What to work on -
From the line containing "Barry.wang Gold Paisley Silk Men's Shirt" to the end of the data, retype every line exactly and nothing else. Drop the pictures.

Supplied material -
******************************
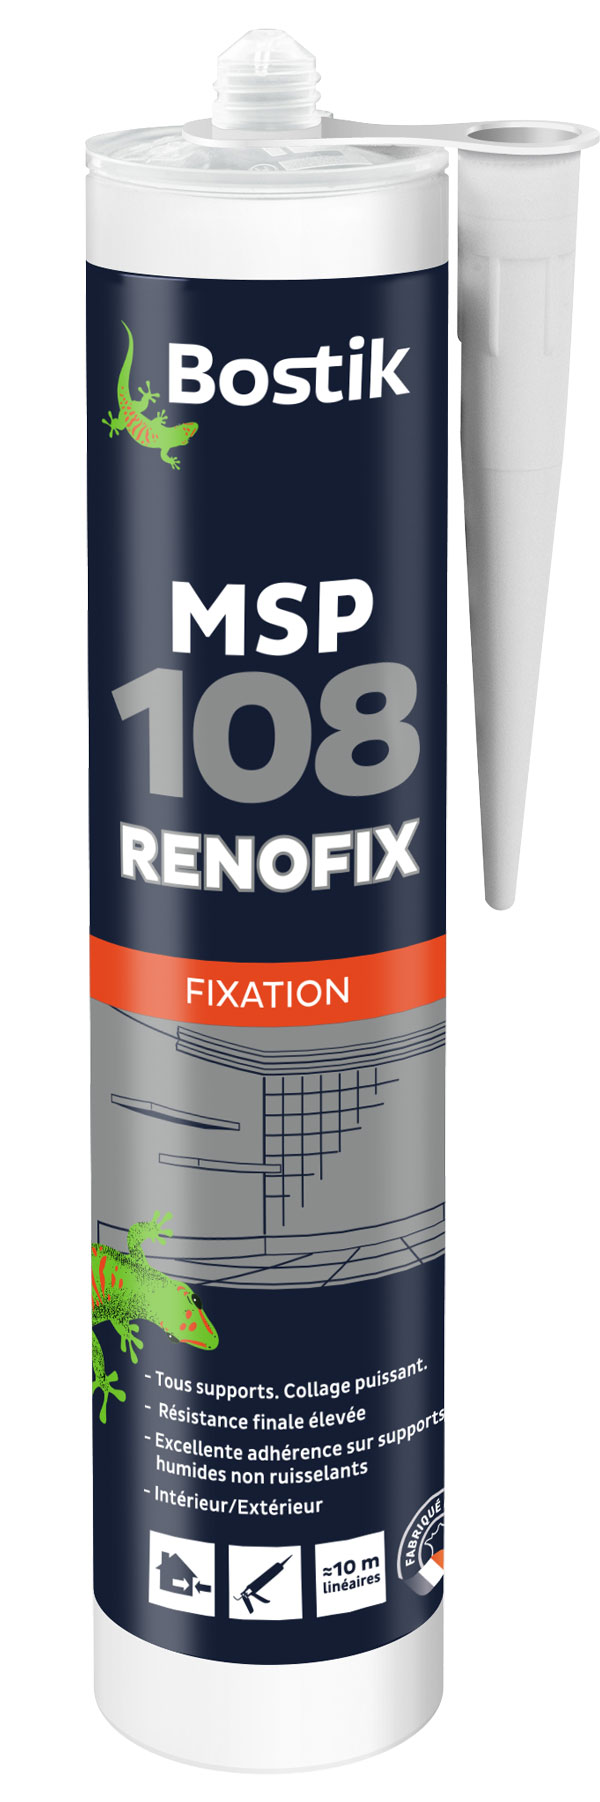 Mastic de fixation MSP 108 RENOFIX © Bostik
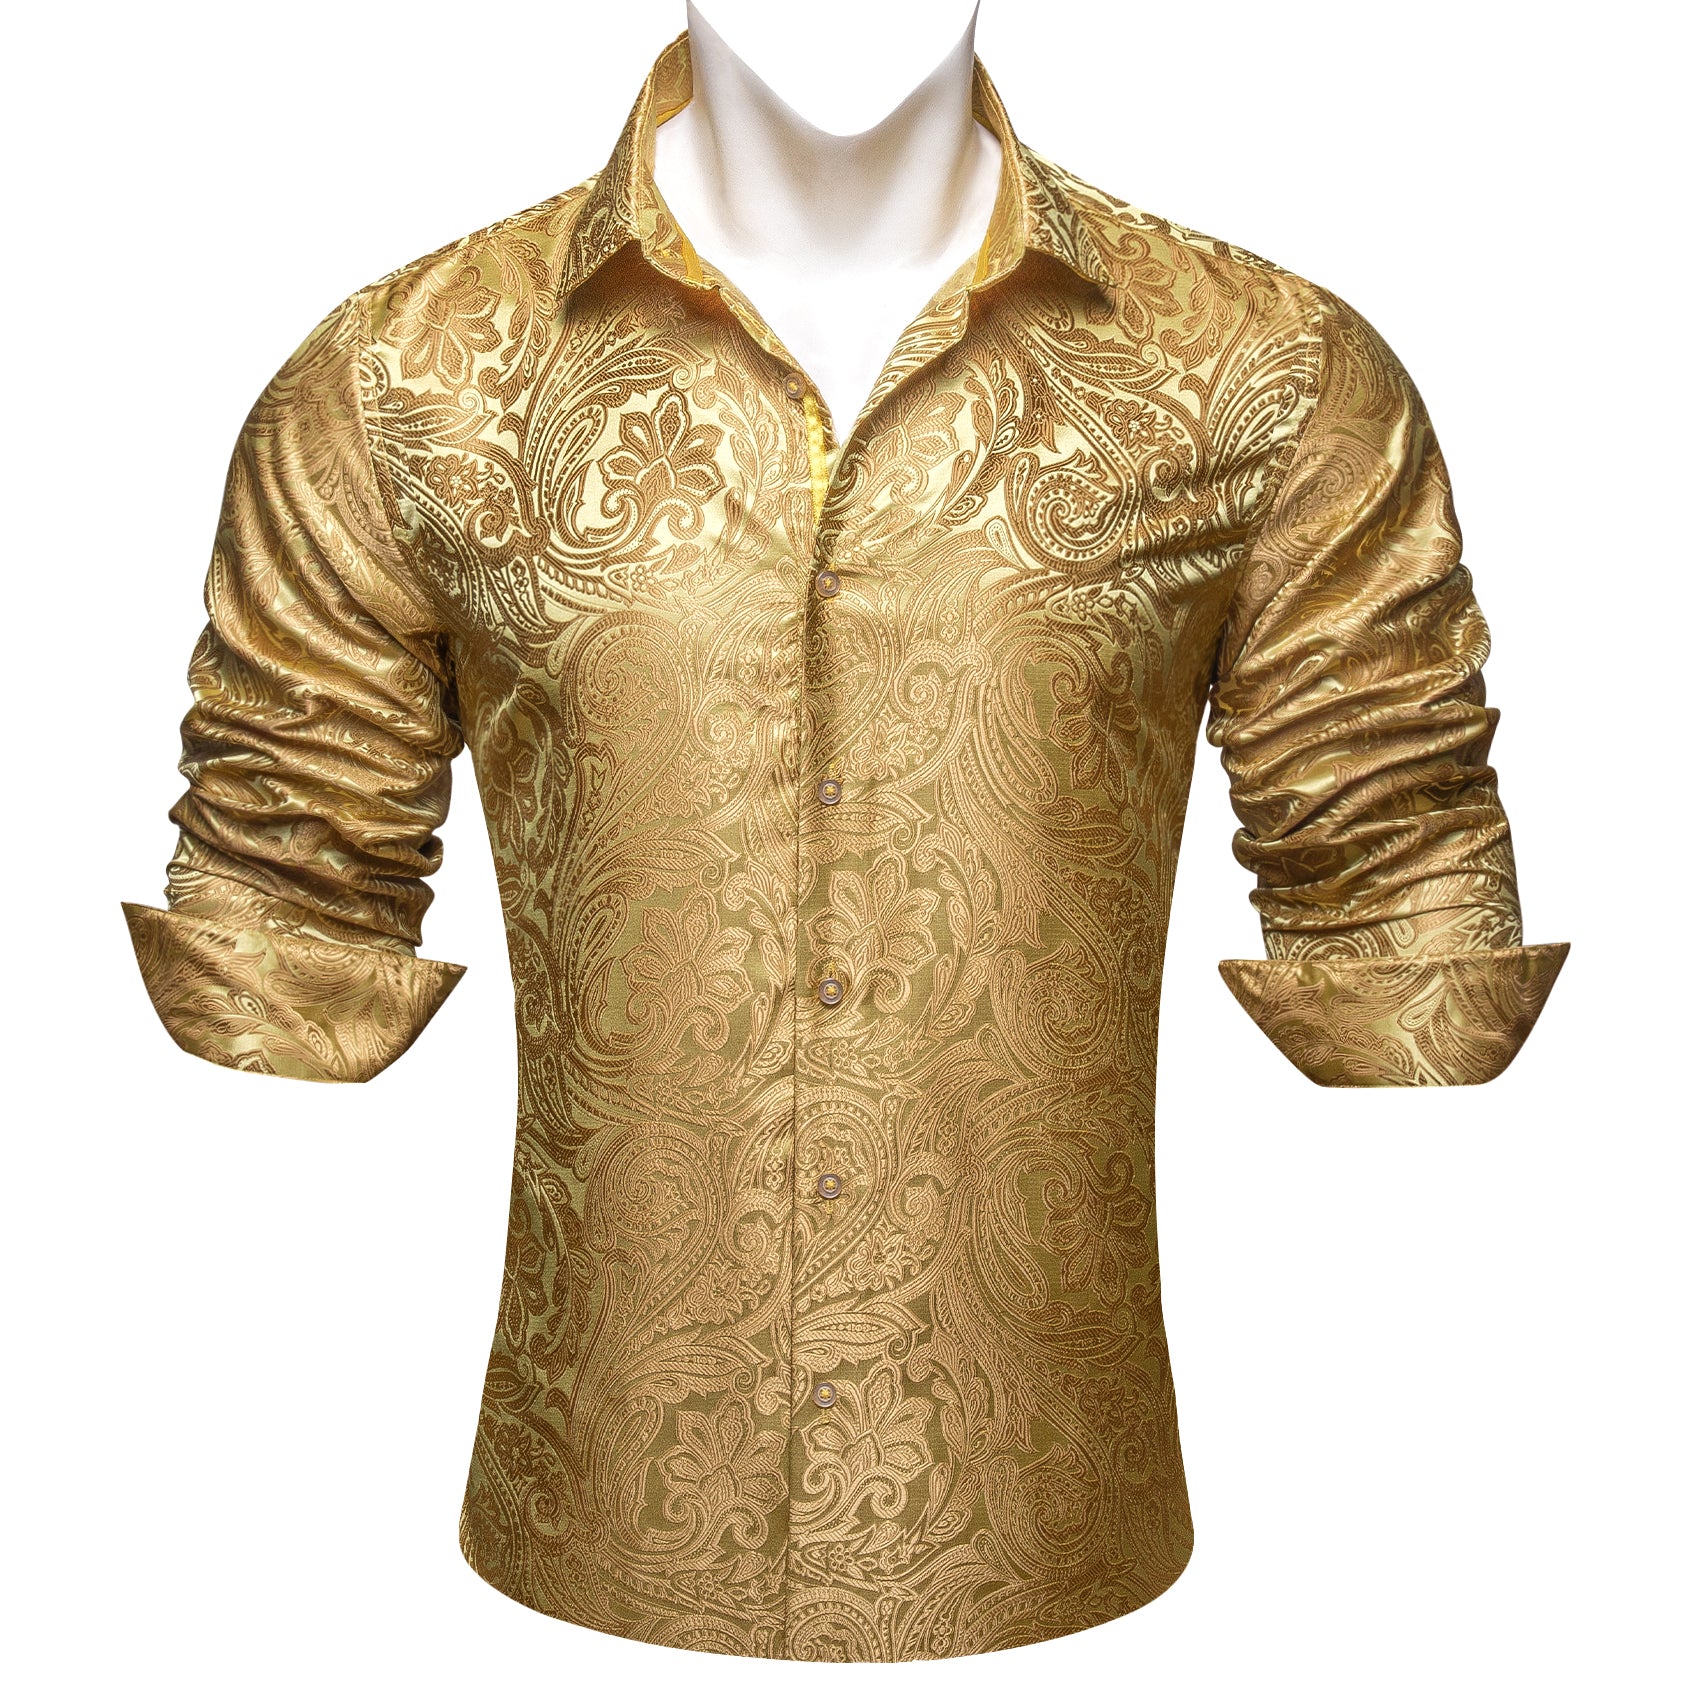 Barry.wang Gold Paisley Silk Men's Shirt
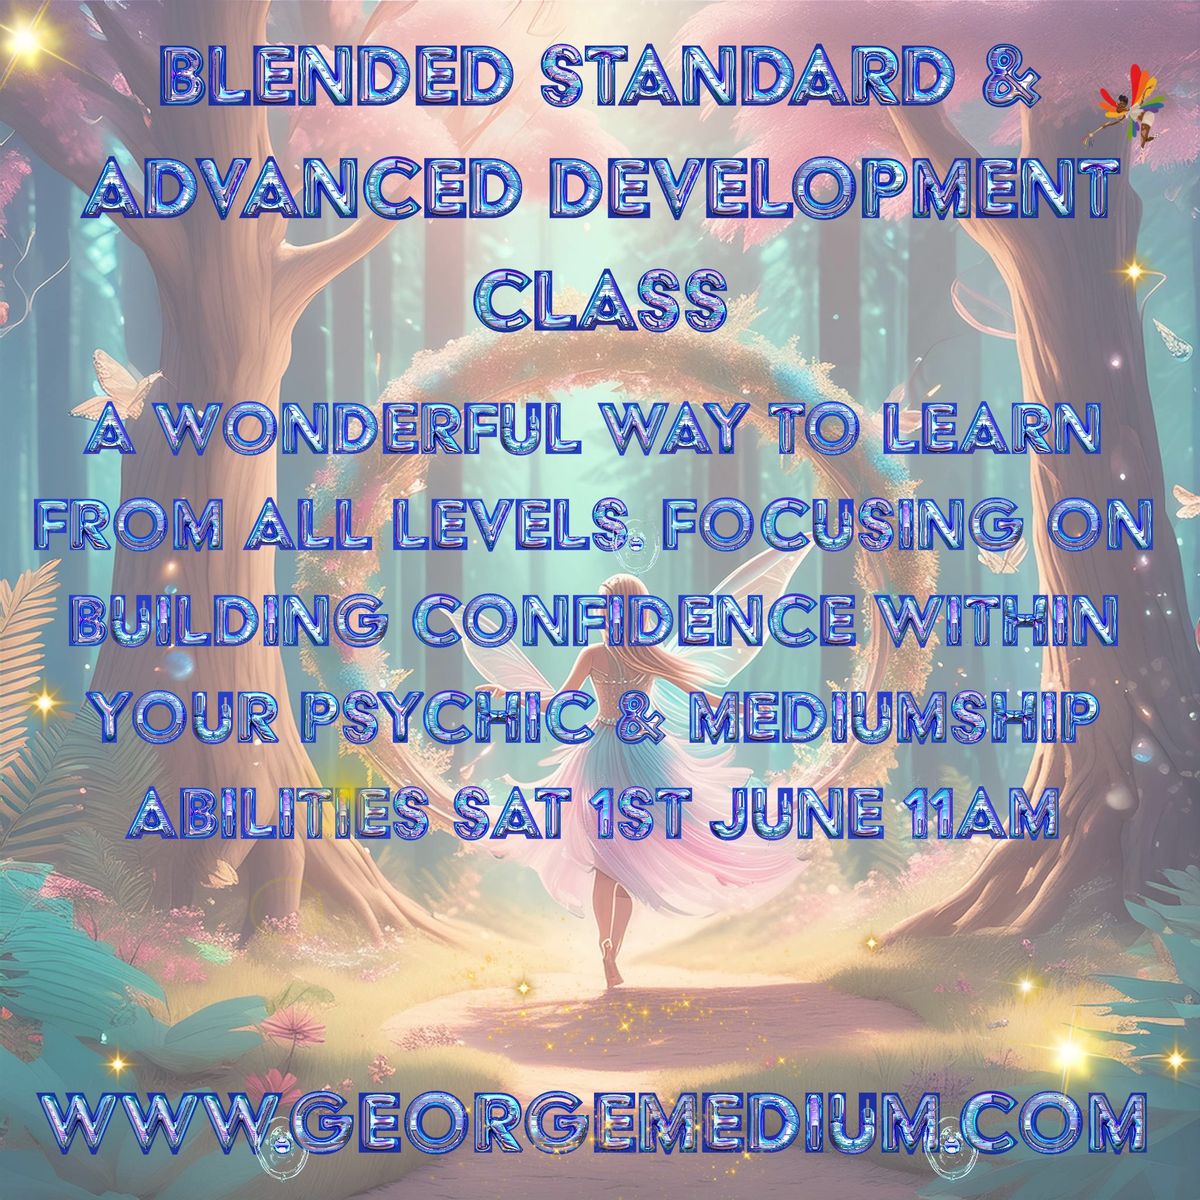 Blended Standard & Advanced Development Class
******************************
Solution for this exercise -
 Barry.wang Gold Paisley Silk Men's Shirt
 Blended Standard & Advanced Development Class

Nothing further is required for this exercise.